Transferring Anna was difficult; the child lolled like a rag doll and was unable to support her own head, but it was done at last. Bereft, Jade stood trembling, her delicately lovely features frozen into a mask of fear.
Alexander looked at his second daughter properly for the first time, and saw at once how right Nell was, despite the fact that at ten months Anna was a prettier baby than Nell, chubby and well cared for. Black hair, black brows and lashes, grey-blue eyes that didn’t focus, couldn’t seem to focus. That some thought processes lay within her skull was obvious in the way she recognized that the hands holding her were alien, the lap on which she sat not Jade’s. Wriggling and flopping in this awkward grasp, she began to wail.

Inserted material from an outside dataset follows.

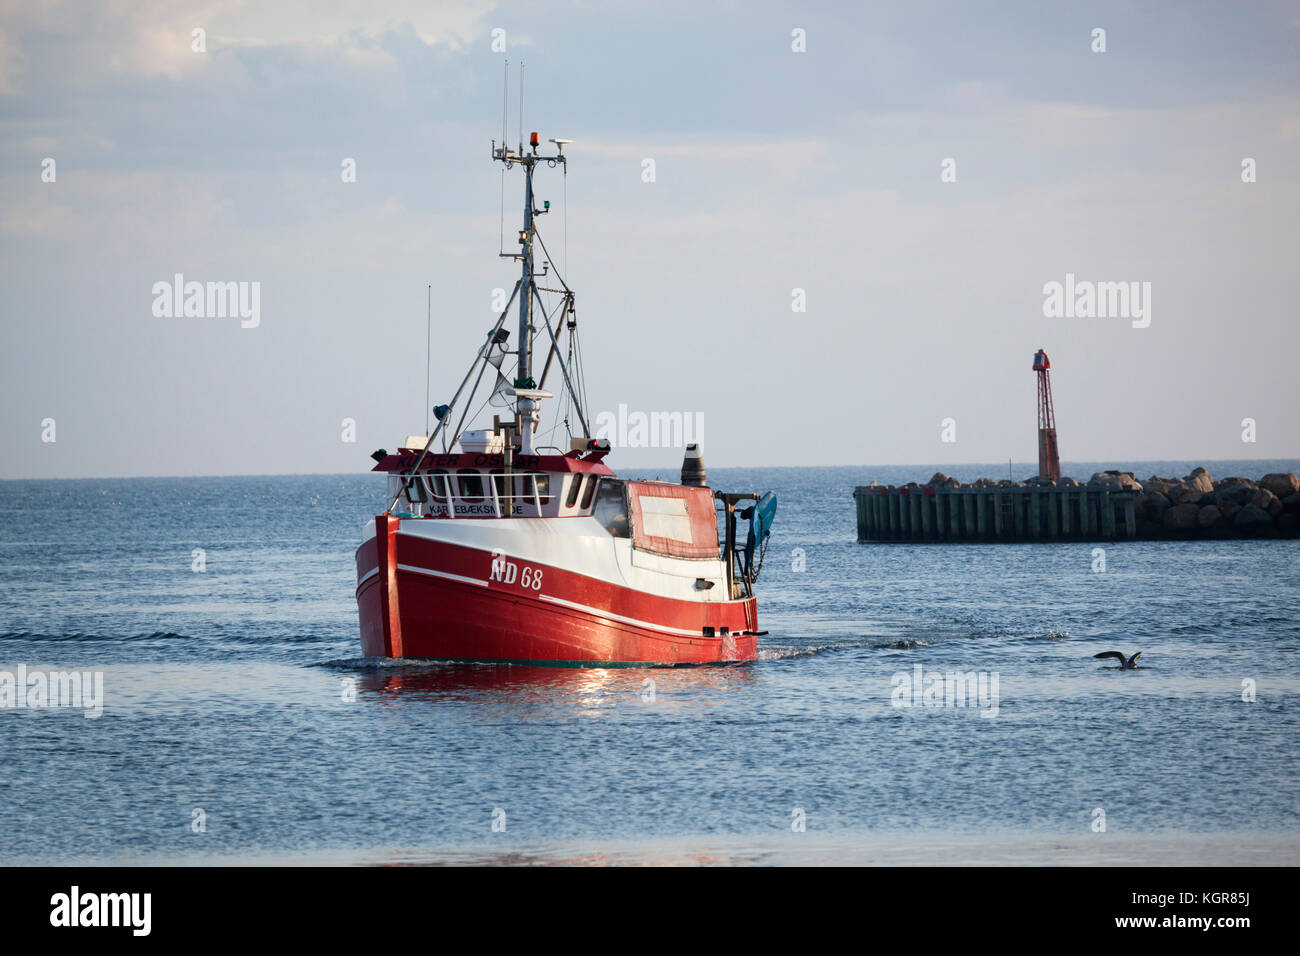 Danish fishing trawler returning to harbour in early morning, Gilleleje, Kattegat Coast, Zealand, Denmark, Europe - Stock Image

“Thank you, Jade, you can take her,” Alexander said, alert to see how quickly Anna’s sense of disorientation faded. Almost immediately; the moment Jade held her, she stopped crying and opened her mouth for more mush.
“Now,” he said quietly, “I want the truth, Jade. How long have you known that Anna isn’t what she ought to be mentally?”
The tears rolled down Jade’s cheeks unchecked; she needed both hands to manage the baby. “Almost at once, Mr. Kinross,” she sobbed. “Biddy Kelly knew too. So does Mrs. Summers. Oh, how they laughed about it in the kitchen! But I got out my dagger and told them I’d cut their throats if they ever breathed a word about Anna to anyone in Kinross.”
“Did they believe you?”
“Oh, yes. They knew I meant it. I’m a heathen Chinee.”
“What can Anna do?”
“She has improved, Mr. Kinross, honestly! But everything takes a long, long time. She can eat off a spoon now—see? It wasn’t easy, but she can learn. I talked to Hung Chee in the medicine shop and he showed me how to help Anna exercise her neck so that one day she will be able to hold up her head.” Down went Jade’s cheek to rest against the black curls. “I love looking after Anna, sir, I swear it! Anna is my baby, she doesn’t belong to Pearl or Butterfly Wing or anyone except me. Oh, please, oh, please don’t send me away from her!” The weeping broke out afresh.